Reviews
Basic Dutch: A Grammar and Workbook
Dutch, Books
March 10, 2013
Author Jenneke A. Oosterhoff
Series Routledge Grammar Workbooks
Publisher Routledge
Publication Date 2009
Price $37.95
Skill Level Beginner, Intermediate
If I hadn’t had German helping me out (there are many similarities with Dutch), I think Basic Dutch: A Grammar and Workbook would have been too hard for me as a complete beginner. Because I did have German helping me out, and because I was using another Dutch book at the same time, it went pretty well.
Still, throughout Basic Dutch, written by Jenneke Oosterhoff, I had this uneasy feeling I was being expected to know more than I had been taught. You don’t learn as much when you are trailed by confusion, and the level was just a little too advanced for someone in my shoes, even though the book is ostensibly designed for either absolute beginners or for “learners who want to refine their knowledge of grammatical structures.”
In addition, I don’t love the exercise design. There are too many fill-in-the-blank kinds of things, and there is little space to write answers, so my book ended up a big mess of cramped pencil scribblings. I would prefer more English-to-Dutch translation exercises, or in any case more labor-intensive drills that make you use your head more.

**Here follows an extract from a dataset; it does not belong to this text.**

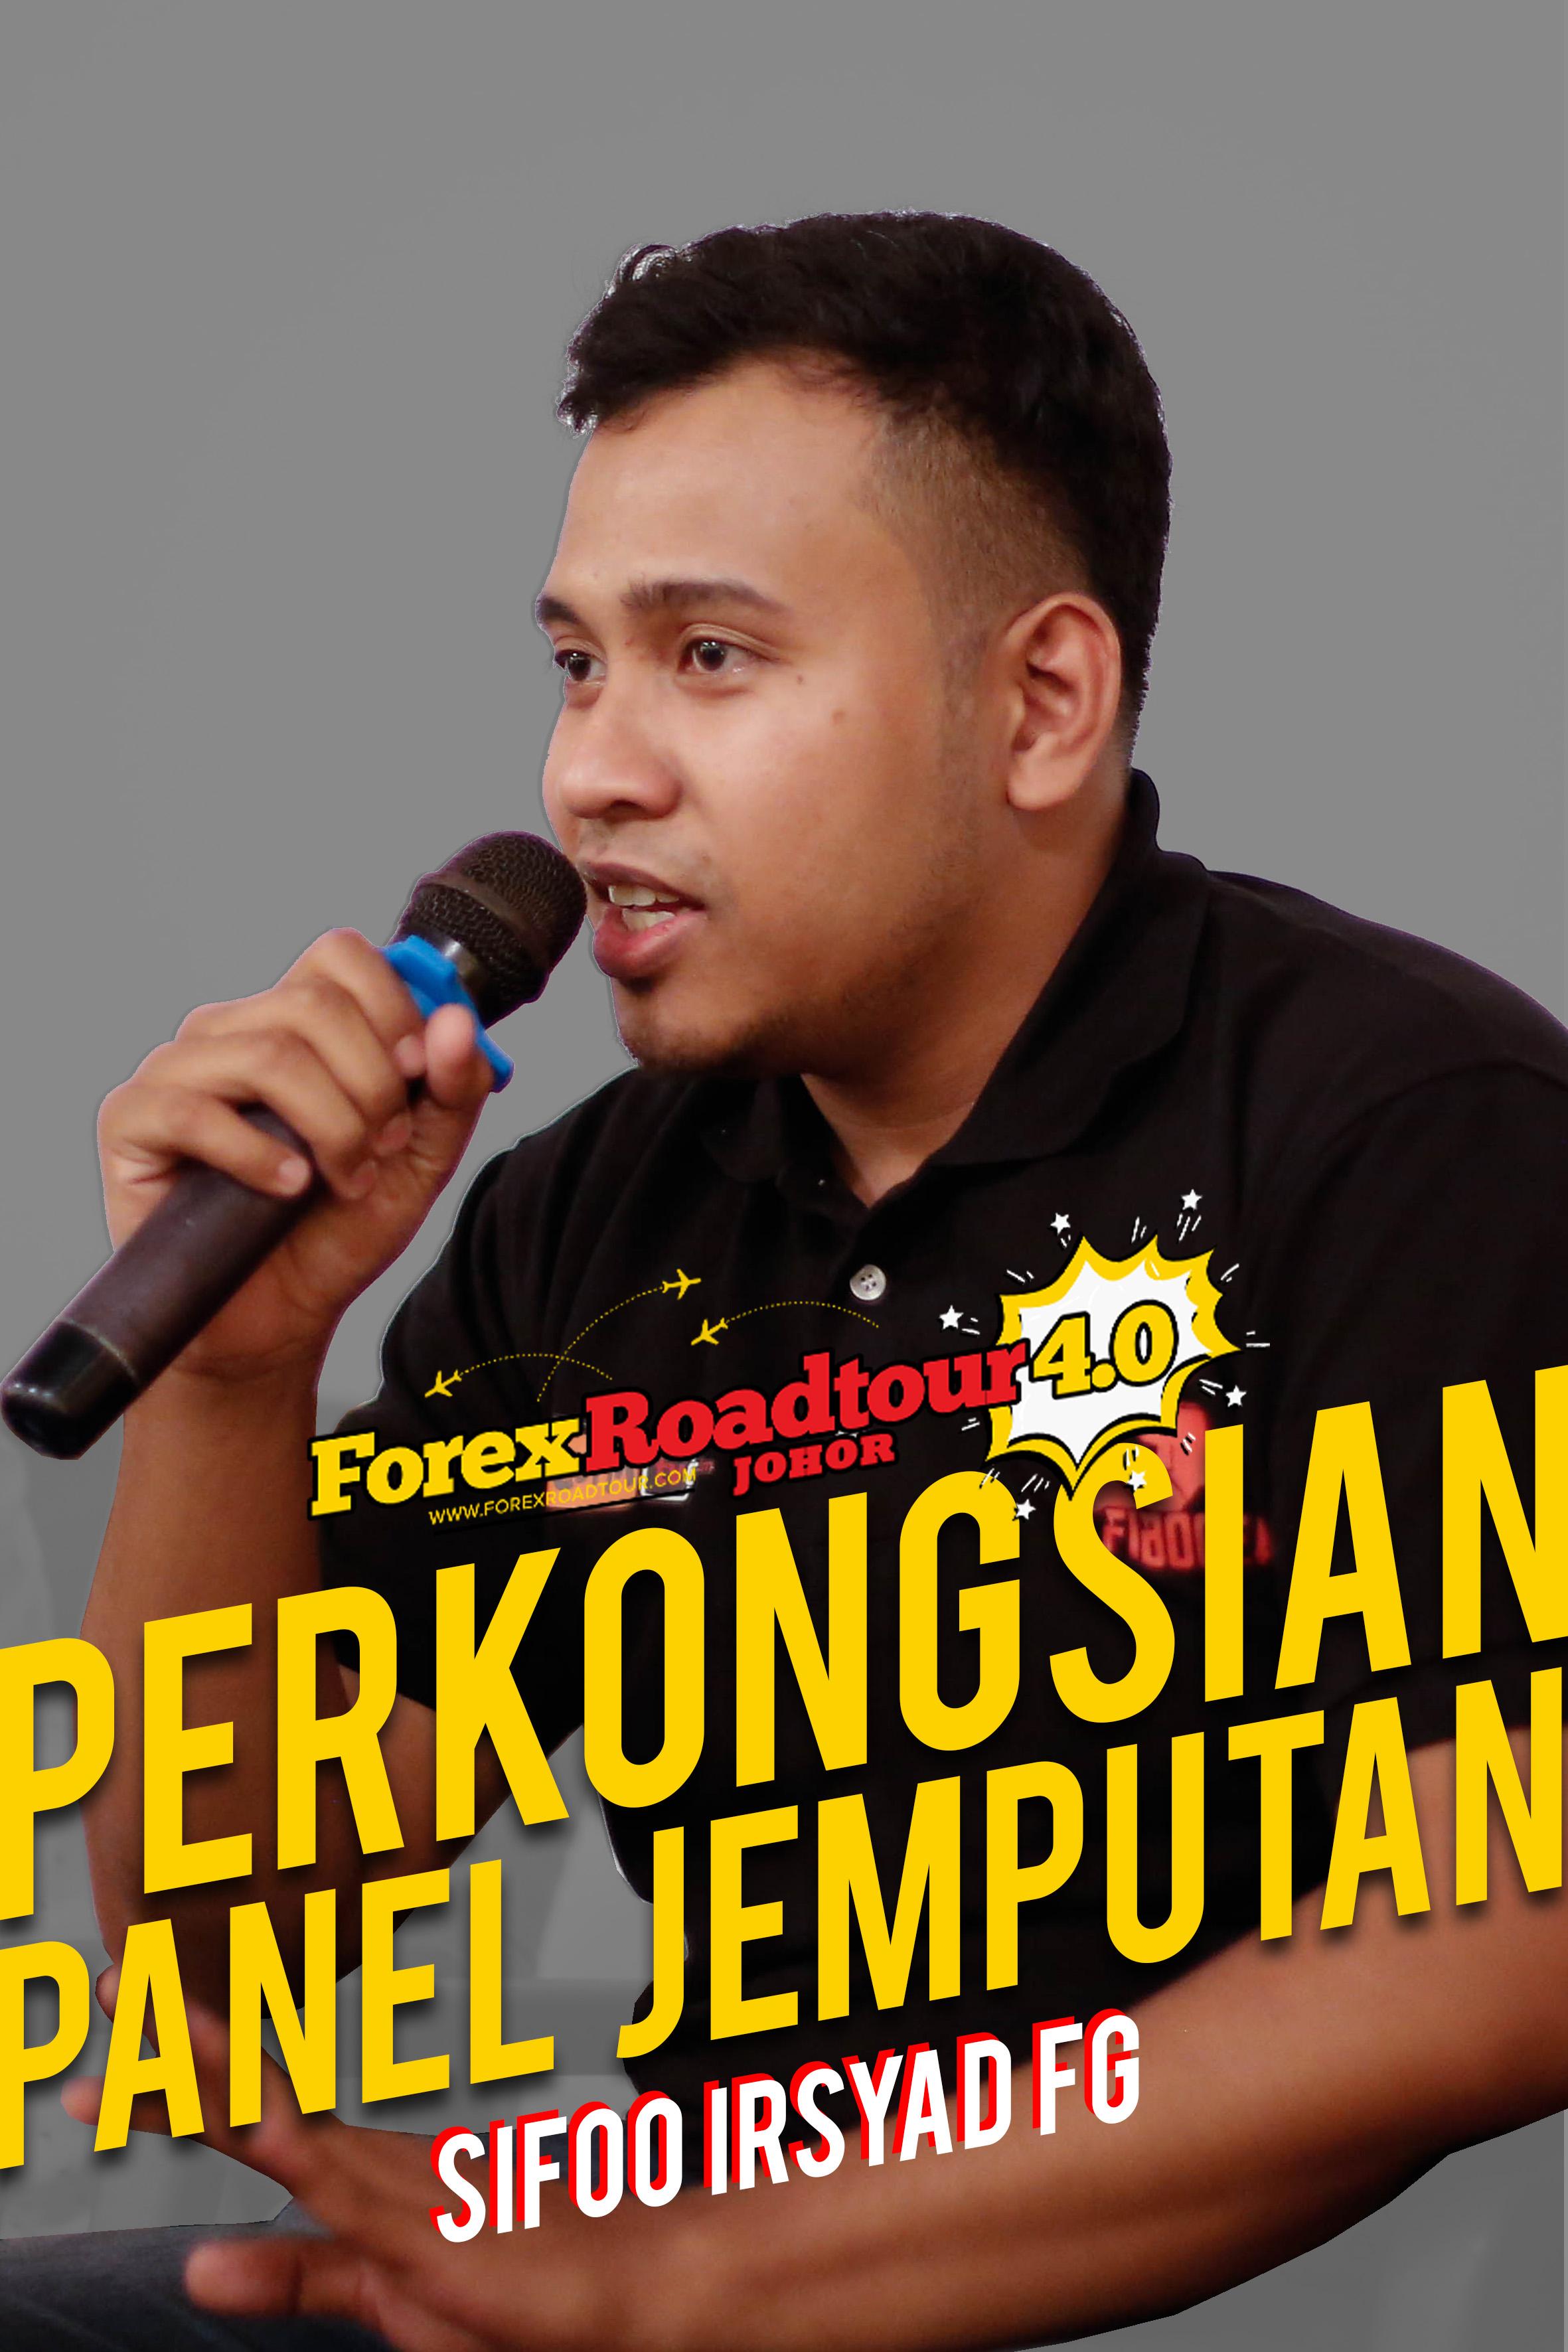 Sifoo Irsyad FG [Forex Road Tour 4.0 Johor]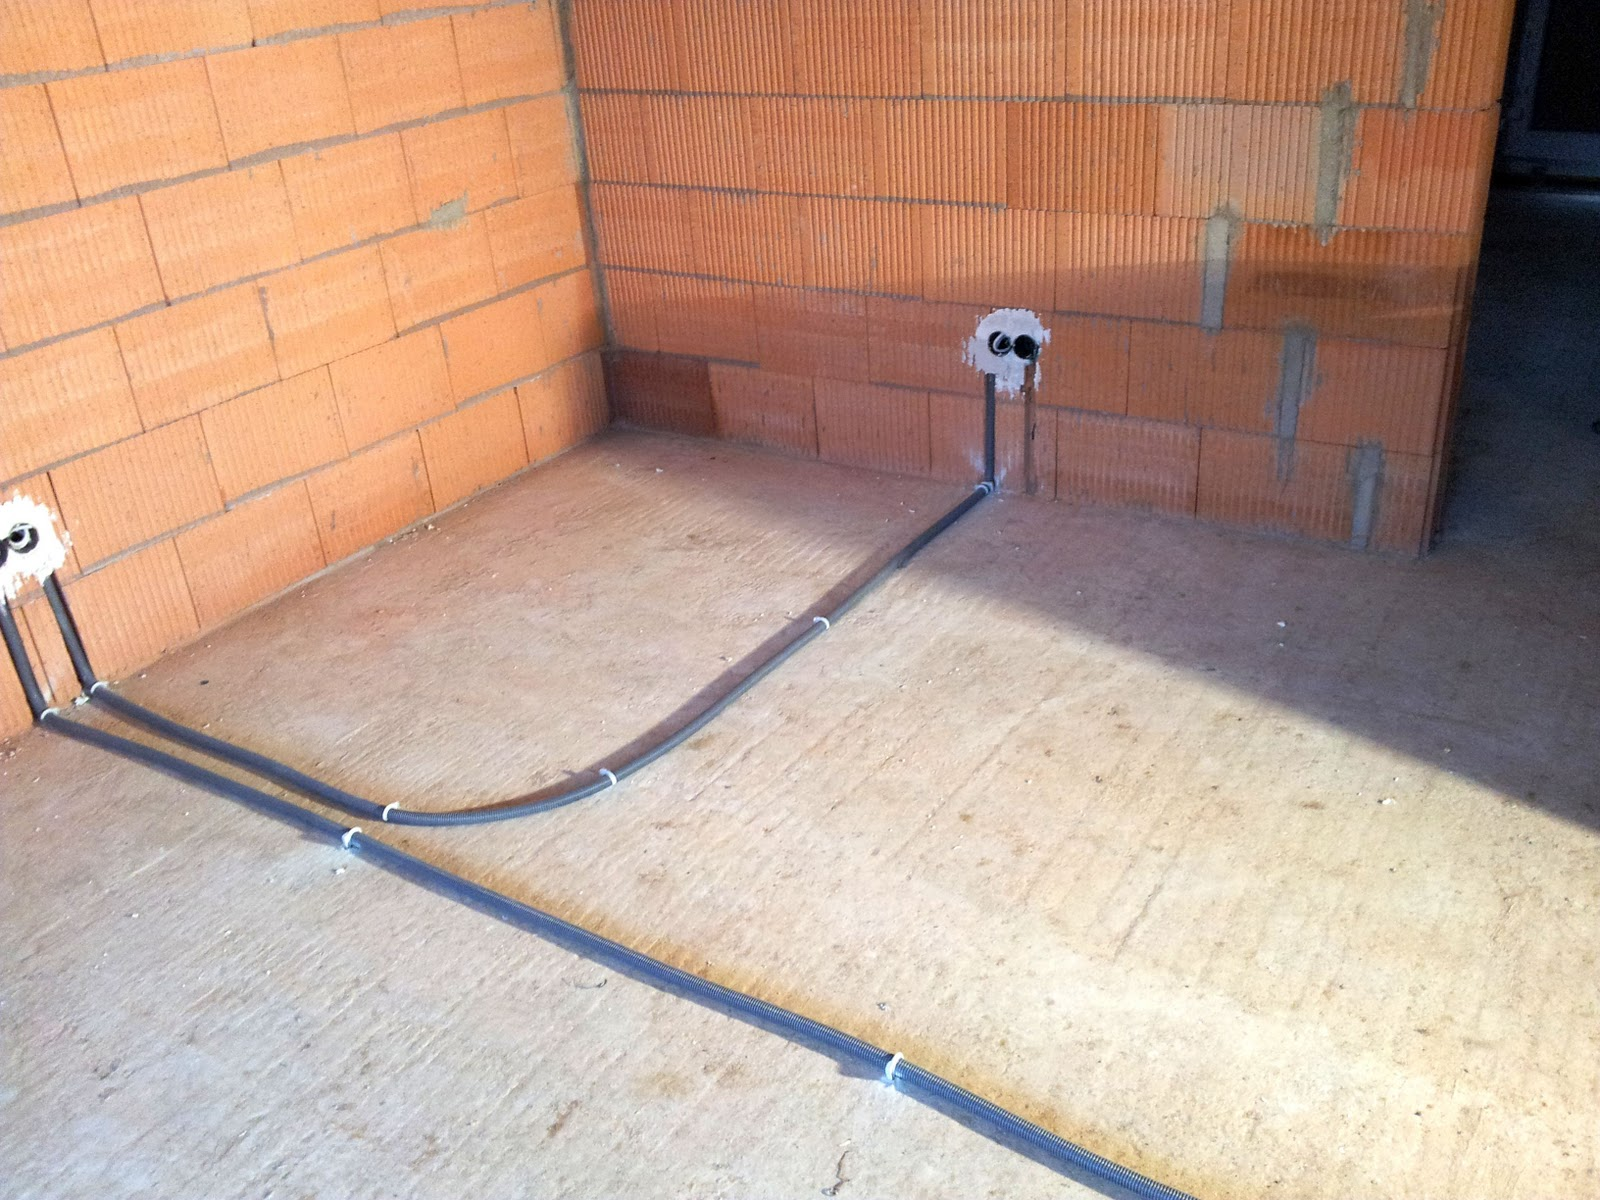 sat kabel verlegen cmtronic koaxial anschluss kabel sat. Black Bedroom Furniture Sets. Home Design Ideas

But there aren’t a lot of options for Dutch self-study, and I feel that at least Ms. Oosterhoff is responsible and knows what she is talking about grammatically. The editing was careful, and the design of the book and the paper are quite lovely for a grammar. I like lovely books.
A small exception to that “careful editing” comment is that I was asked to do present perfect in an exercise on page 111 but didn’t actually get present perfect explained to me until the subsequent chapter. It worked out okay, because I had studied present perfect elsewhere already, but that kind of stuff is annoying if you’re working with only one resource. That’s why I don’t (work with only one resource).
One other technical gripe: I don’t like that in Basic Dutch’s appendix of strong and irregular verbs, strong verbs are listed not alphabetically, but rather, according to the way they change their stem vowel in the simple past and the present perfect. Nooooooo! I am a beginner. I need totally alphabetical. Just let me find the damned thing without having to know anything about stem changes in advance.
Because of this flaw, I ended up using the verb table—an alphabetized one—in the back of my other main grammar book, Essential Dutch Grammar, in order to do an exercise in this book.
Should you finish Basic Dutch, there is a successor by the same author.